Меж тем исповедь, в которой чередовались нежность и надежда со страстью и гневом, близилась к концу…
— Так вы уже читали этот фельетон? — краска залила бледное лицо Меланы. — Жаль, что его автор не до конца назвал зло своим полным именем. И это потому, что Петро Ковальчук, совсем не зная меня, никогда не видя в глаза, взялся думать и говорить за меня…
— Жанр фельетона это позволяет, — возразил Петро, выдержав взгляд, полный открытого упрека. — Важен сам факт.
— А человек? Человек не важен? — теперь она уже посмотрела на него удивленно, почти с испугом, хотя и не подозревала, с кем говорит. — Да он же своим колючим пером расписал меня такой, что мне другой дороги нет, как только в петлю…
— Теперь вы задним числом раскаиваетесь, — заговорил Петро. — А тогда…
— Вы хотите сказать, что я тогда была бездушной? Да?
Петру стало неловко, он сконфуженно молчал.
Мелана вдруг присела на кровати, схватила руку Ганны, точно чего-то испугавшись.
— Вы очень волнуетесь, не надо рассказывать, — попросил Кремнев.
— Нет, нет, того, что они делают… нельзя допускать! Это преступно…
— Успокойтесь. Кто «они»? — спросил Кремнев.
— Его прихлебатели… подхалимы… Они с почтением говорят о Димарском: «Этот человек умеет жить»… Боже мой, как я уставала! С утра топчусь на кухне, чтобы вечером они пировали… Сперва думала, что все эти приемы у Димарского от чистого сердца, от доброты… И я сама старалась, чтобы угодить… Но иллюзии мои пропали, когда я поняла, зачем собираются у нас эти люди. Бывало, из кухни слышу, как Димарский безжалостно, точно топором рубит, кричит: «Разгромить!» Пройдет неделя, другая, приносит он домой газету. Настроение у него чудесное.

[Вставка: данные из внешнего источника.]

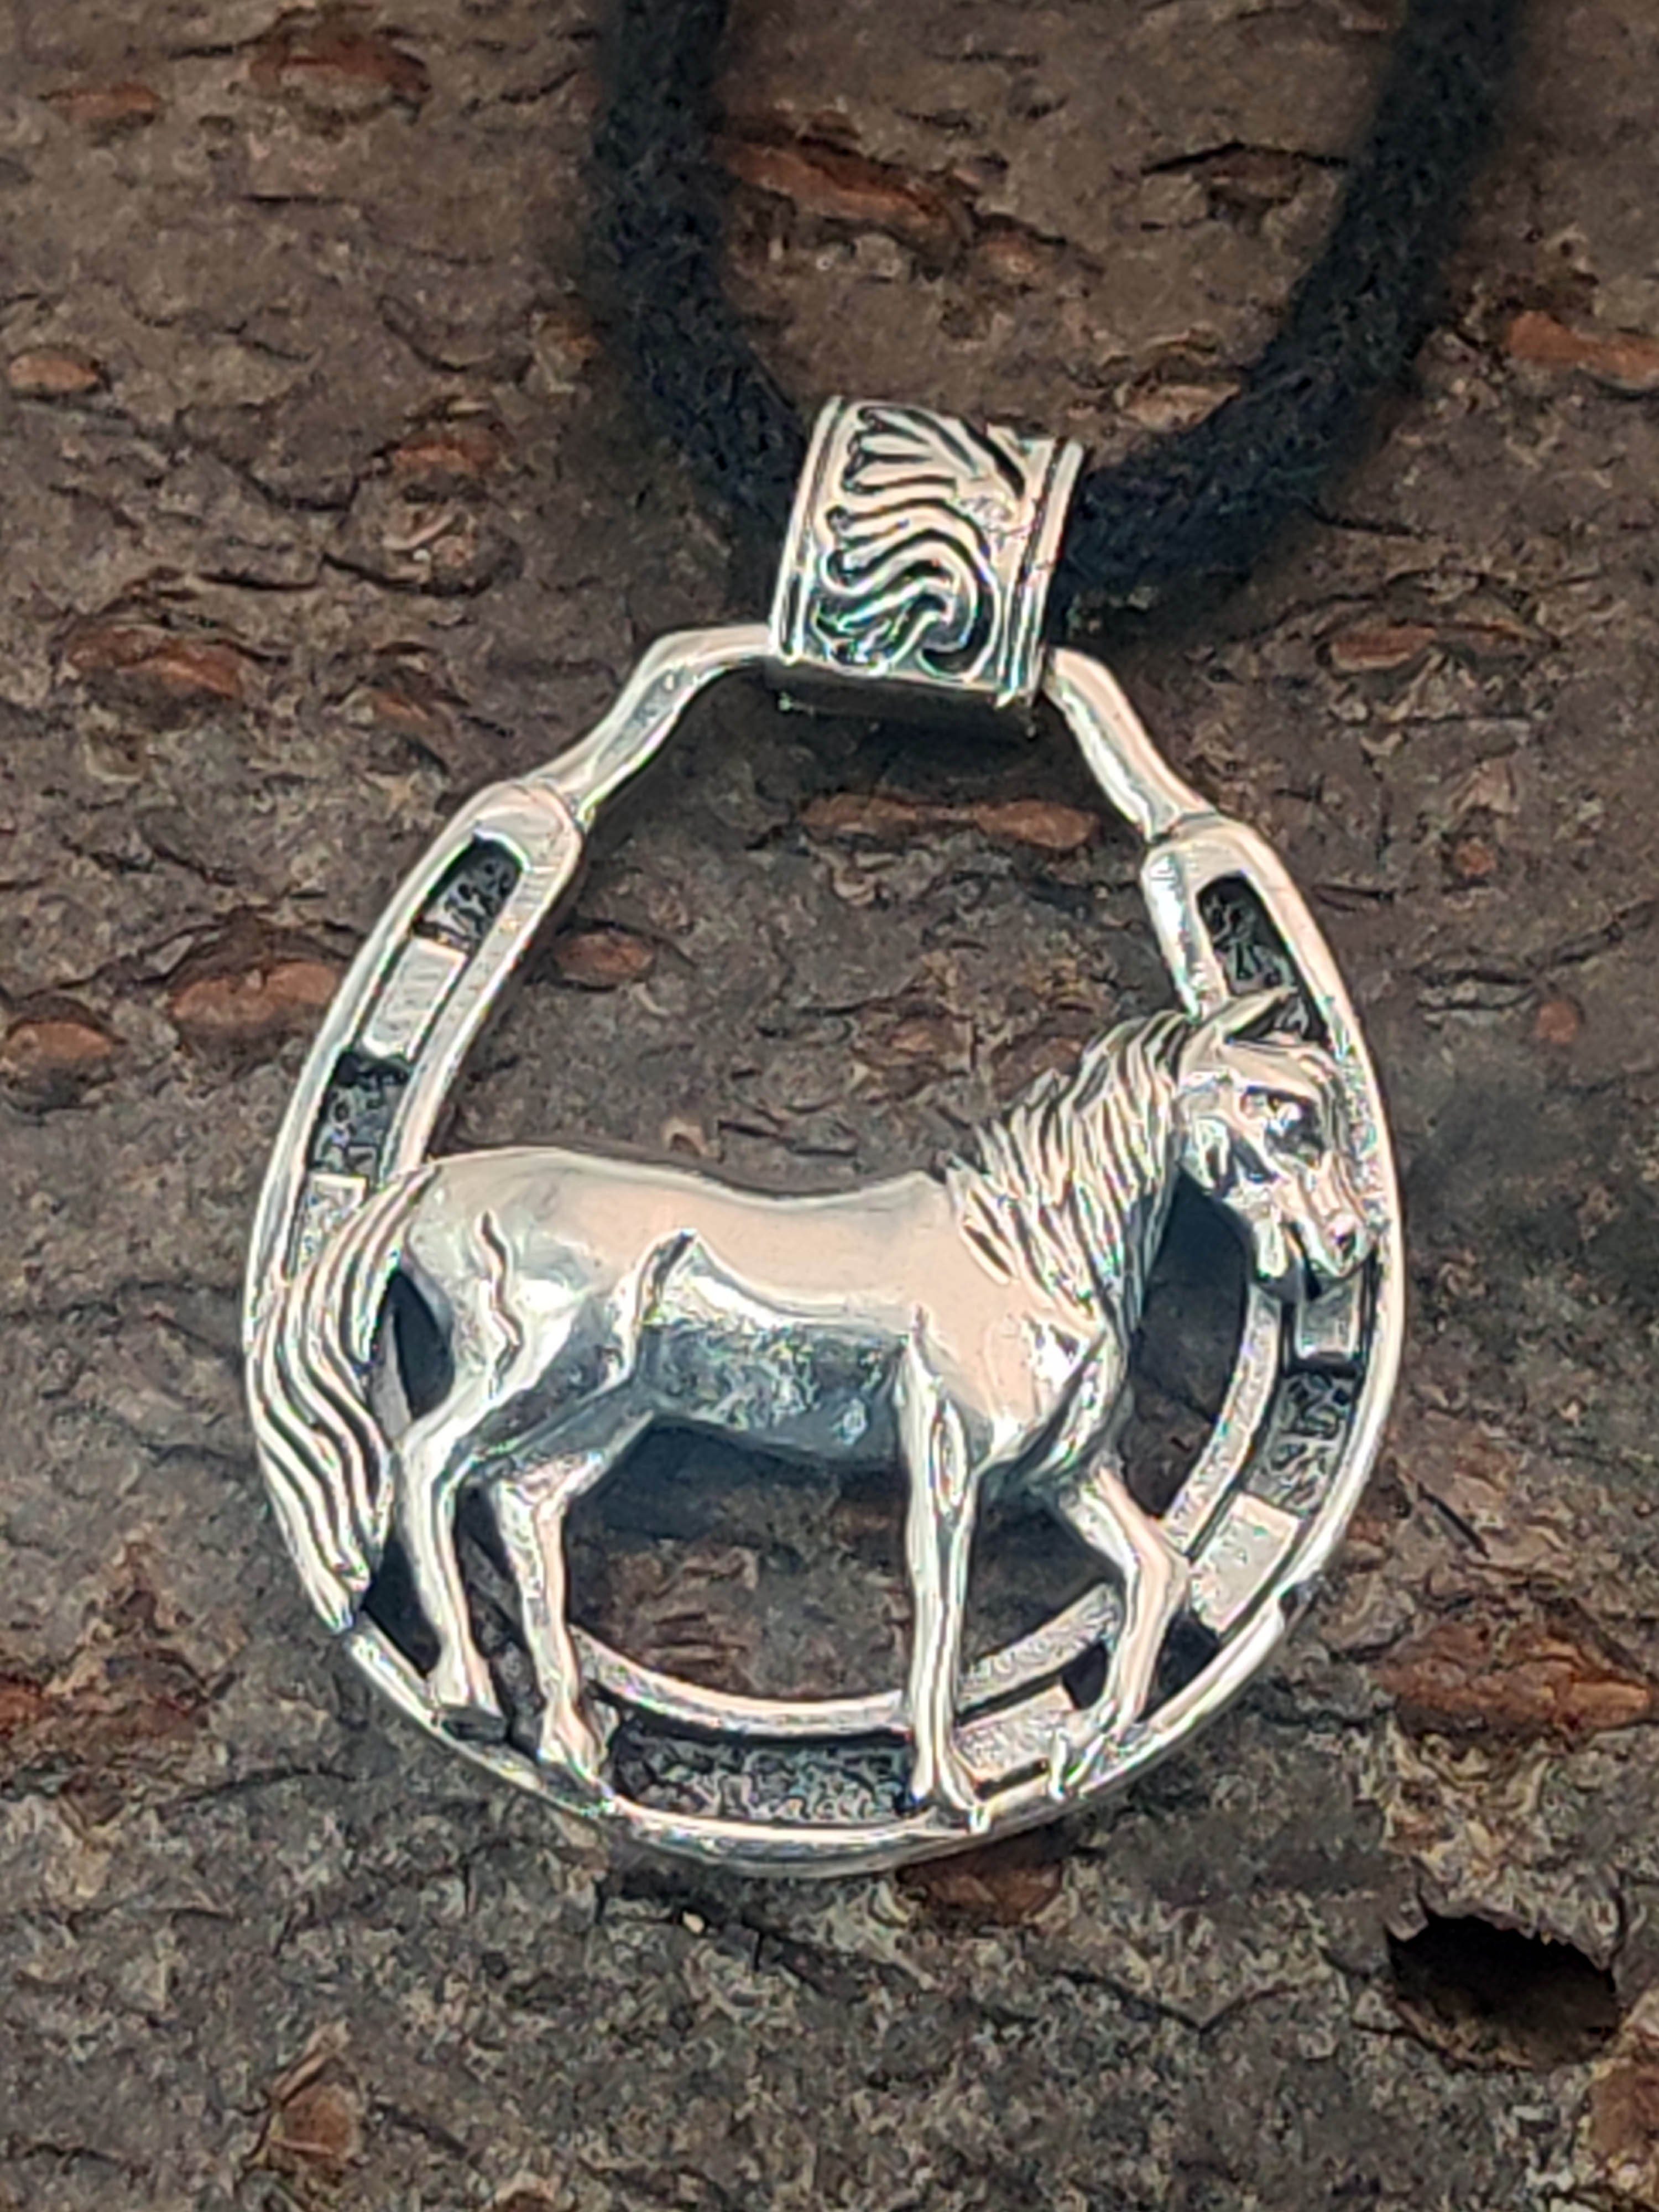 Kiss Pferd 925 Silber of 413 Pferdanhänger Nr. Pferdeanhänger Leather Horse Kettenanhänger Pferde

«Прочитай, — хохочет, — мокрого места от художника не оставили!»
Читаю и глазам своим не верю. Я же была на выставке, видела его картины. Димарскому далеко до этого художника. А в газете — жуть!
Художник бросается за сочувствием к Димарскому.
О да, Димарский умеет казаться порядочным.
«Рецензия похожа на расправу без суда! — лицемерно возмущается он. — Я непременно скажу свое слово в твою защиту, будь спокоен, друг мой…»
— Подобные типы, вроде Димарского, к сожалению, далеко не последние могикане прошлого, — заметил Кремнев.
— Страшно, — Мелана закрыла руками лицо. — Можно подумать, что у честных людей, с которыми он встречается, глаза завязаны. Они не видят подлеца, который уродует, пачкает чужую жизнь.
— Вы же видели? Почему молчали? — вспыхнул Петро.
— Ах, что я? Кто меня станет слушать? Да, я хотела работать, но Димарский запрещал… Да, да, я хотела взять к себе сына и мать, но Димарский кричал: «Ты сама — тунеядка, живешь за мой счет, а еще хочешь, чтобы я содержал какую-то старуху и чужого ребенка!» Я была неблагодарной дочерью, плохой матерью, все это так… Но почему же автор фельетона умолчал о Димарском?
— В этом она права, Петрик, — заметил Кремнев. — Общеизвестно же — куда не достанет меч закона, туда всегда достигнет бич сатиры.
— Да, я был обязан поговорить с вами, прежде чем написать этот фельетон, пусть для этого мне даже пришлось бы пройти пешком сотни километров. — Петро прямо глядел в глаза женщине.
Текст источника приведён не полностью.